Being a veteran is not a get-out-of-jail free card from unemployment; veterans don't inherently deserve a new civilian position once they leave the military. Part of what makes a vet a vet is an ingrained sense of accountability and initiative, even in the career hunt. Entitlement is not a core value.
I considered it a true privilege when I had the opportunity to discuss career progression with a retired Air Force 06. We met once at a conference, and he later ended up becoming high in my husband's chain of command in the service.
Before I met this individual, I was informed of his astute leadership potential by my direct commander that I was an exec for, and he definitely lived up to that credibility as a person and a leader. This 06 was a C-17 pilot who went by the call sign "Rockin," as in "Rockin Johnny Roscoe." Rockin is now retired and is an airport director and government consultant.
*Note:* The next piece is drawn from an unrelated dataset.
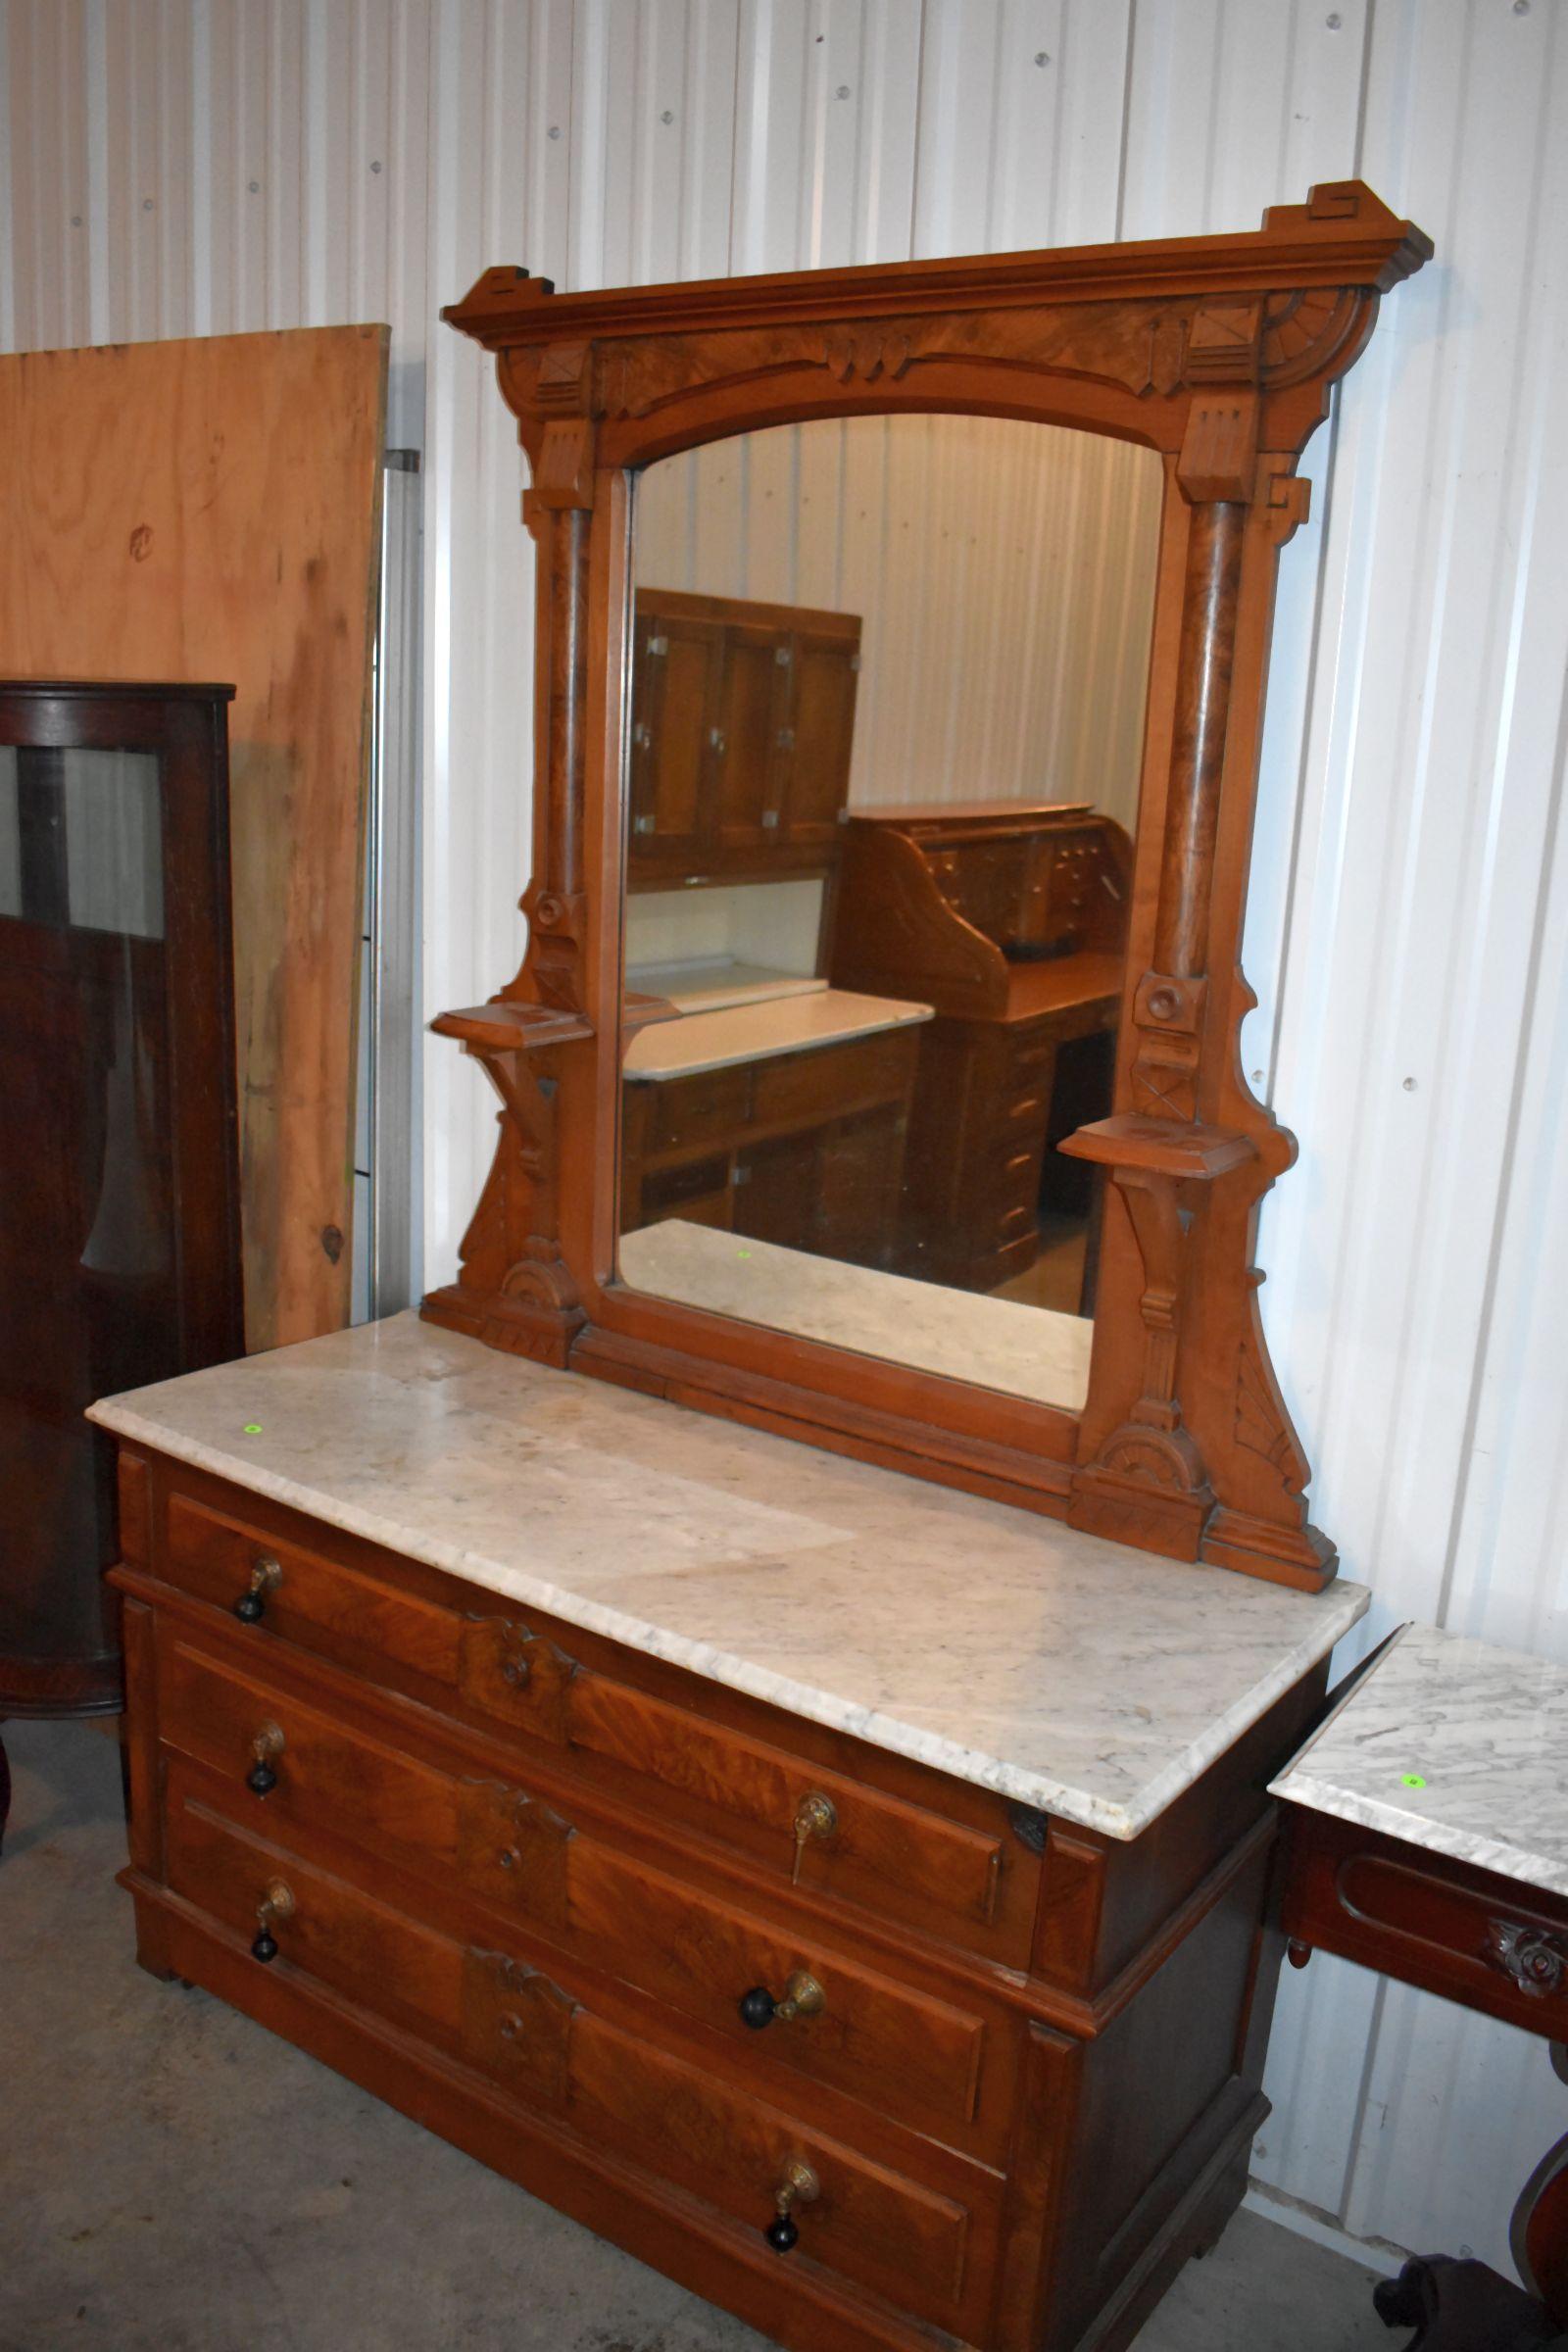 Fancy Walnut Marble Top Mirrored Dresser, 3-Drawer, Very Nice Condition, 52" Wide, 84" Tall

When Johnny and I spoke on the phone, he brought up some valid facts that I feel I sometimes gloss over when writing articles. My last article put full responsibility on employers that want to hire veterans to make a decision to move forward.
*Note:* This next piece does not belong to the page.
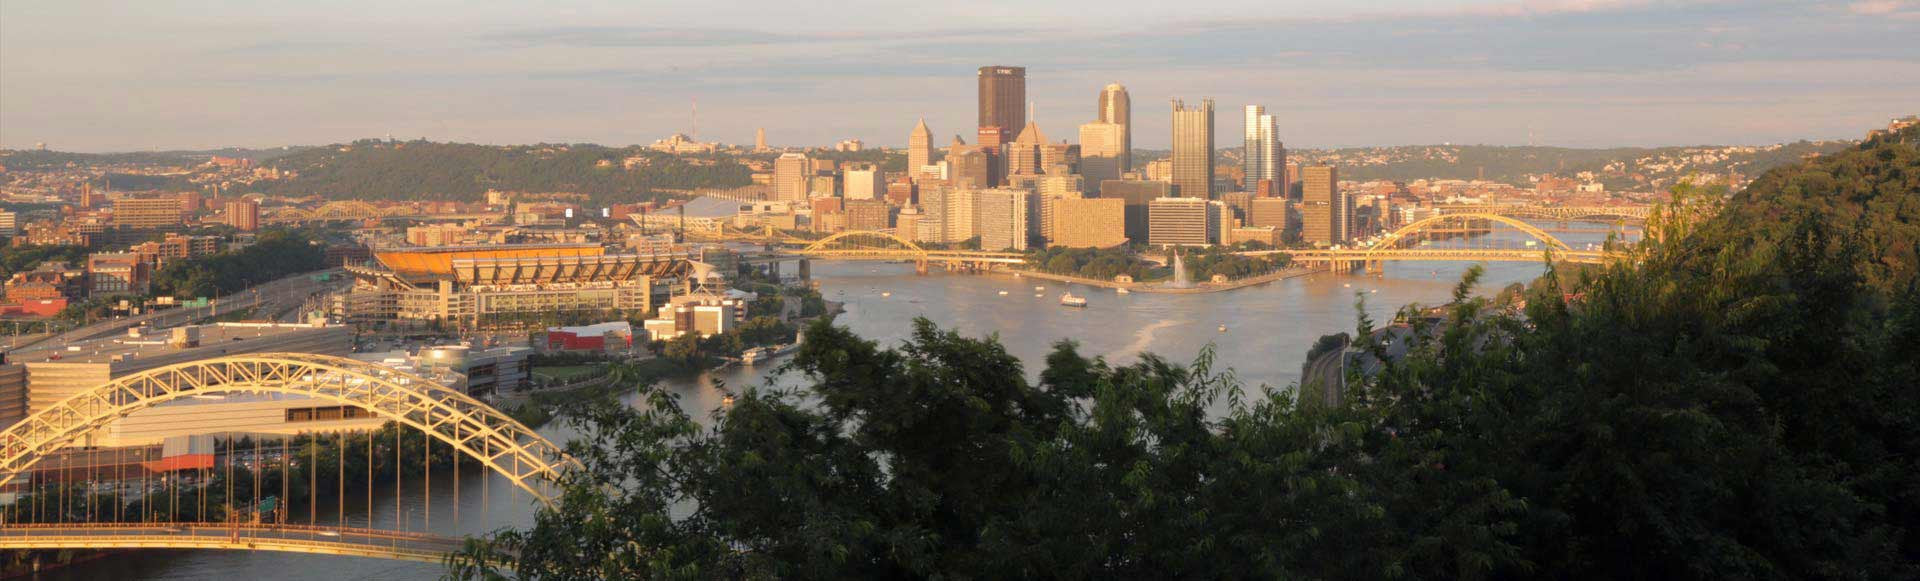 view of downtown pittsburgh from the west end overlook

While that is still extremely valid, veterans also need to take responsibility for themselves to talk about who they are as people, not just ex-military. The reason employers want ex-military applicants is because of all the strong attributes they can bring to the organization, not just because it is the humanitarian thing to do. No veteran would claim they wanted a pity position.
Rockin's point is this: At what point can a veteran stop claiming they aren't being hired because they are a vet? At a certain point, a veteran should look at what they actually did during their job search and weigh what they can bring to the table in terms of skills and traits.
I reflected on this and immediately agreed that it was a valid question. He said to me, "Liz, I met you only a couple times, and I knew from your background and my interaction with you that you would be reliable, but it wasn't only because you were in the military. It was because of the other attributes you carried individually and what I knew you did as a person."
As Johnny and I continued our conversation, I learned a bit more. In his current position, he is the hiring manager for every employee within his division and was given the opportunity to fill the positions of two employees who left to obtain advanced education degrees.
For both positions, Johnny reviewed more than 150 applications. Out of those, approximately a dozen were veterans, with some being retired and others having only a few years of service.
"As a veteran and someone who spent 26 years in the Air Force, I believe I have a solid understanding of what the core potential is for every veteran, even the short-timers, and yet I was disappointed in the applications I saw from veterans because I know better," Johnny said. "I know what veterans are capable of, and as a minimum what they should have done in the military to set themselves apart from others, and that is what I was looking for.
"Literally, every single veteran undersold themselves and failed to adequately describe in their resumes how some of those core traits enabled them to succeed, either in the military or in the civilian sector. A specific example is initiative."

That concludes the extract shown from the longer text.